I stare for a while and then snap a photo with my phone. A gentle knock sounds on the door. “Aves?”

“Just a sec.” I rocket to my feet, grab a pink bedsheet from the shelf, and sweep it up and over the lovers.

Beth’s soft voice reminds me how close I came last night to screwing everything up. How easily I broke our agreement even if I didn’t know. I thought about coming clean and concluded she’d forgive me post-Armageddon. But Beth leaves at dawn, and blighting her plans now would be a dick move, especially when there’s nothing more to fear. I’m well and truly done with Slade. That’s my new solemn vow, and it will have to do. I take a resolved breath, but it doesn’t quash the awareness I’m still a total jerk. “Come in.”

The door cracks open, and Beth peeks in. Grinning, she opens it further and steps inside. She scans my muddy clothes and then the lumpy pink ghost standing next to me. “New piece?”

I nod, and she ambles to where the others sit. Until now, she’s respected my privacy but made it clear she’d like to see my work before leaving, and I can’t deny her that. She stares at the girl crushed to the ground, but the longer she does, the more I itch to make excuses. “They’re not done yet. They still need firing, glaze, and metalwork. Usually copper or steel. Sometimes scraps, metal clay, or household items morphed into what I need.”

Beth acknowledges me with a silent nod, then steps over to the next piece: a bust of a man losing his mind. “There’ll be metal fragments circling his head when finished,” I explain.

A minute later she moves on to the child who’s cowered and blocking his ears—the third piece I made before court.
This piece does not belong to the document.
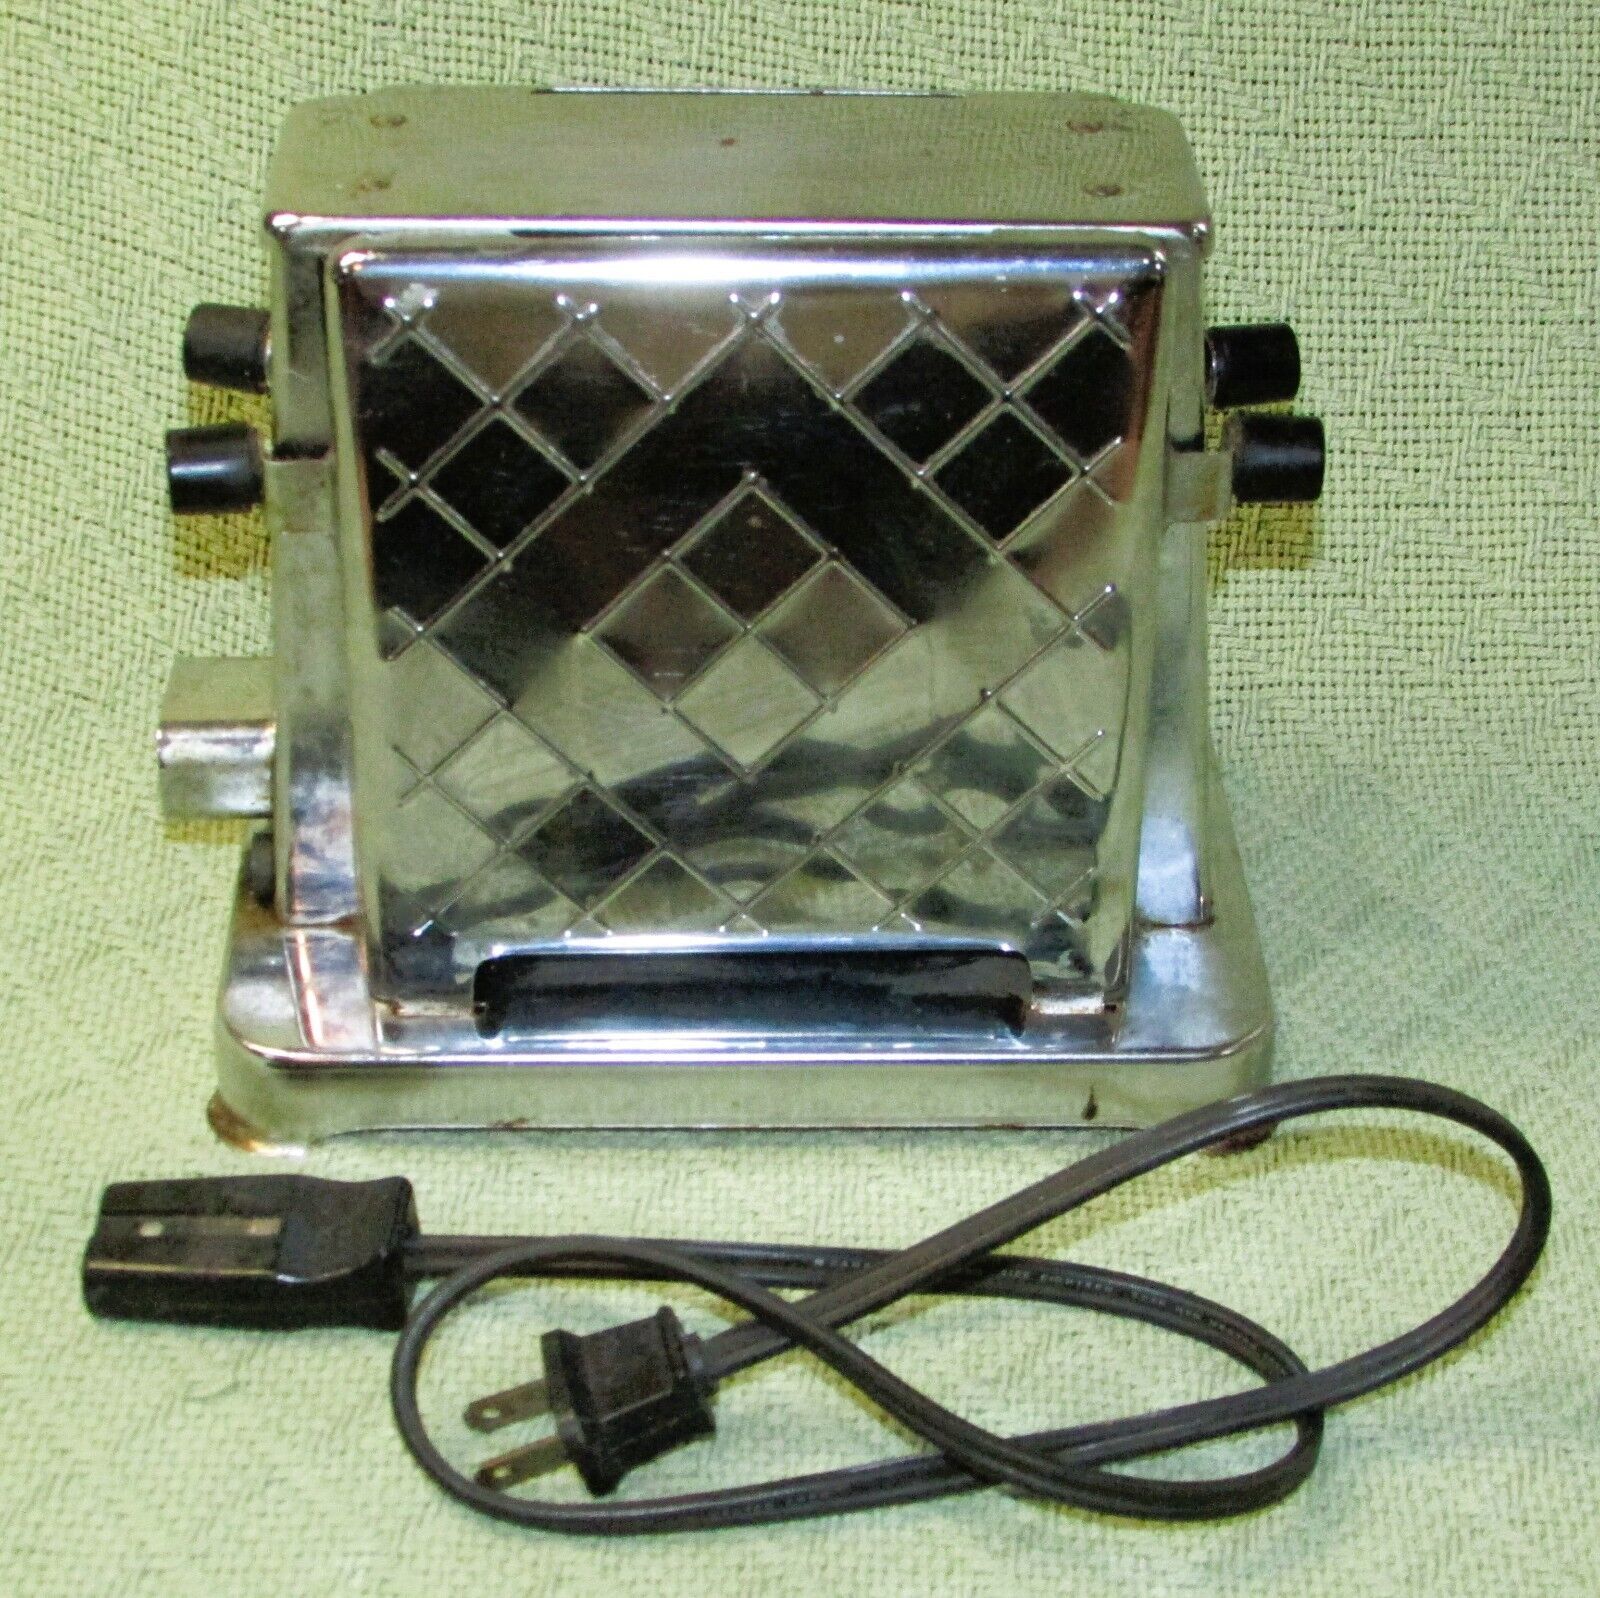 TOASTESS 2 SIDED ELECTRIC TOASTER 1940s MONTREAL CANADA GENERAL ELECTRIC VINTAGE - £28.02 GBP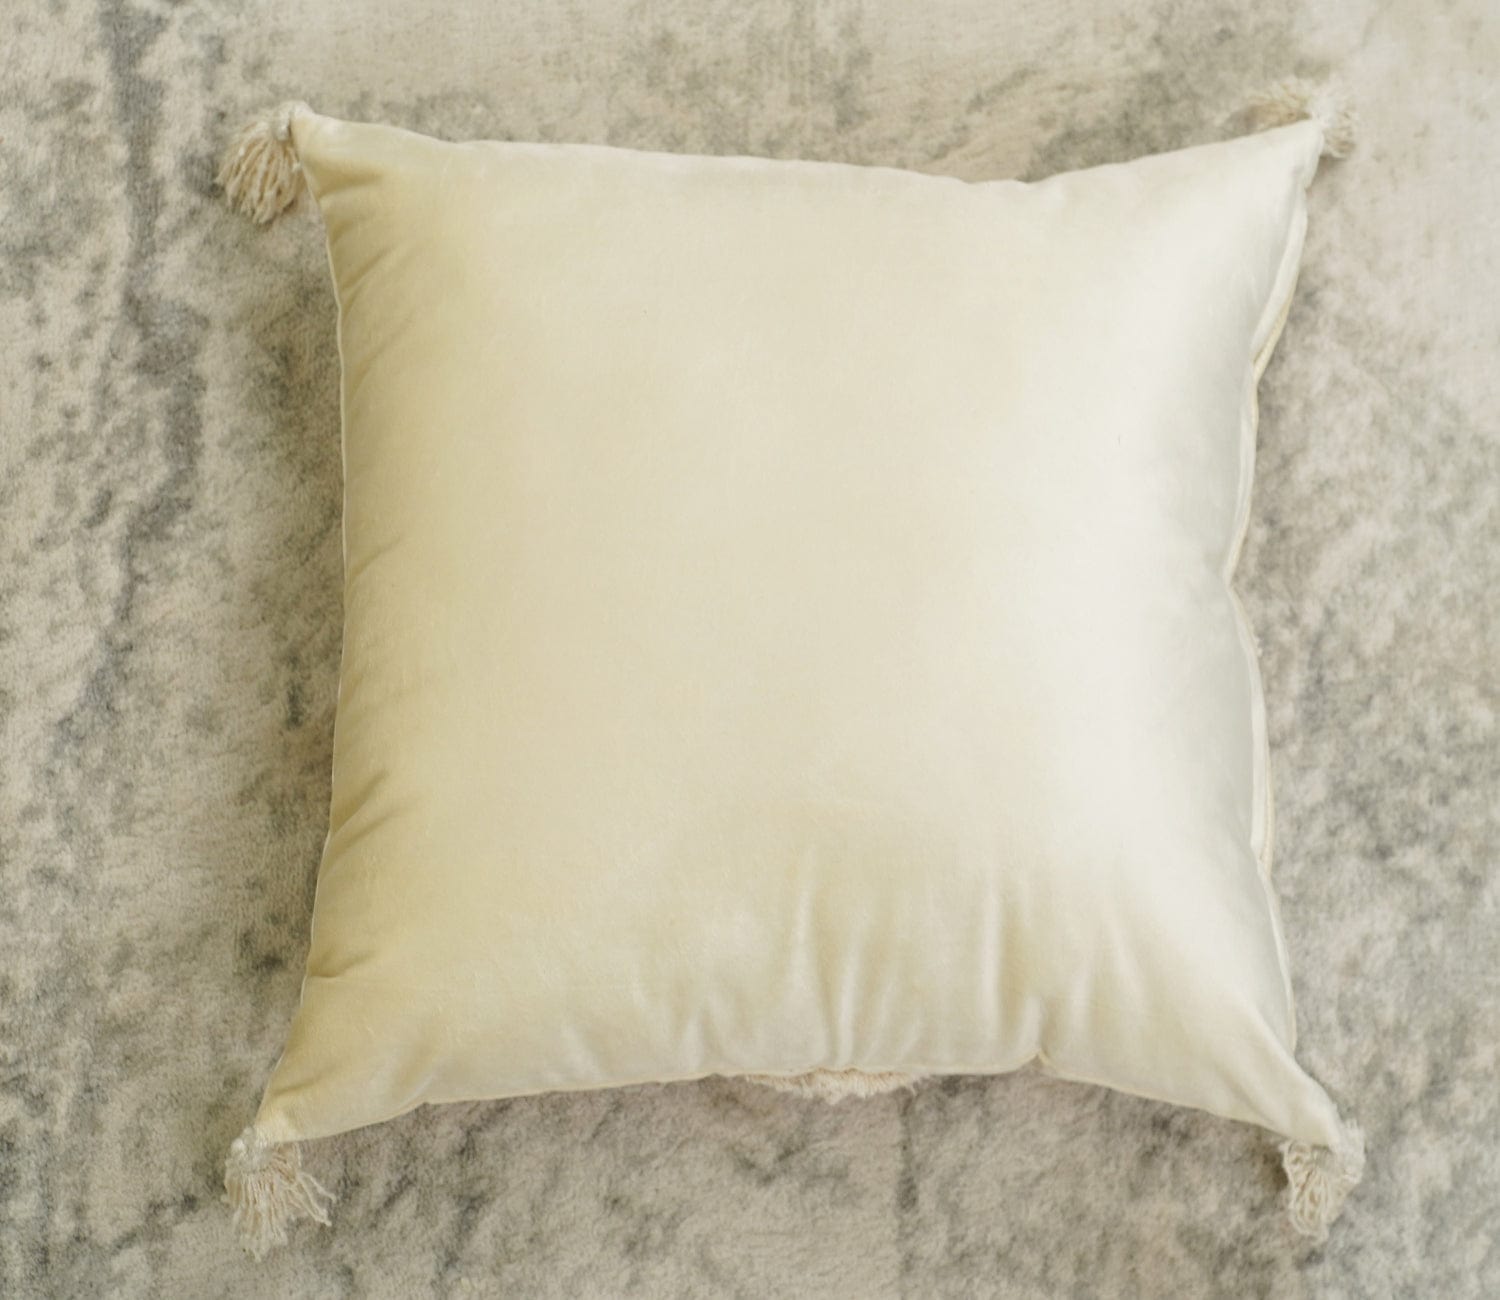 Super Soft Velvet Cushion Covers - Set of 2 (18 x 18 inches,ivory)

When done, he’ll have a tin butterfly perched on his head.

After considering him, Beth moves on to the next two: the Alex and Ella wannabes, each sitting off the side of Beth’s bench, their faces alight with mischief. “They’ll both have rainbow hair,” I say.

Beth nods again, then moves on to the last piece: the woman on her knees, holding out her anatomically correct bleeding heart, begging someone to take it. I lift the clear plastic it’s drying under so Beth can better see.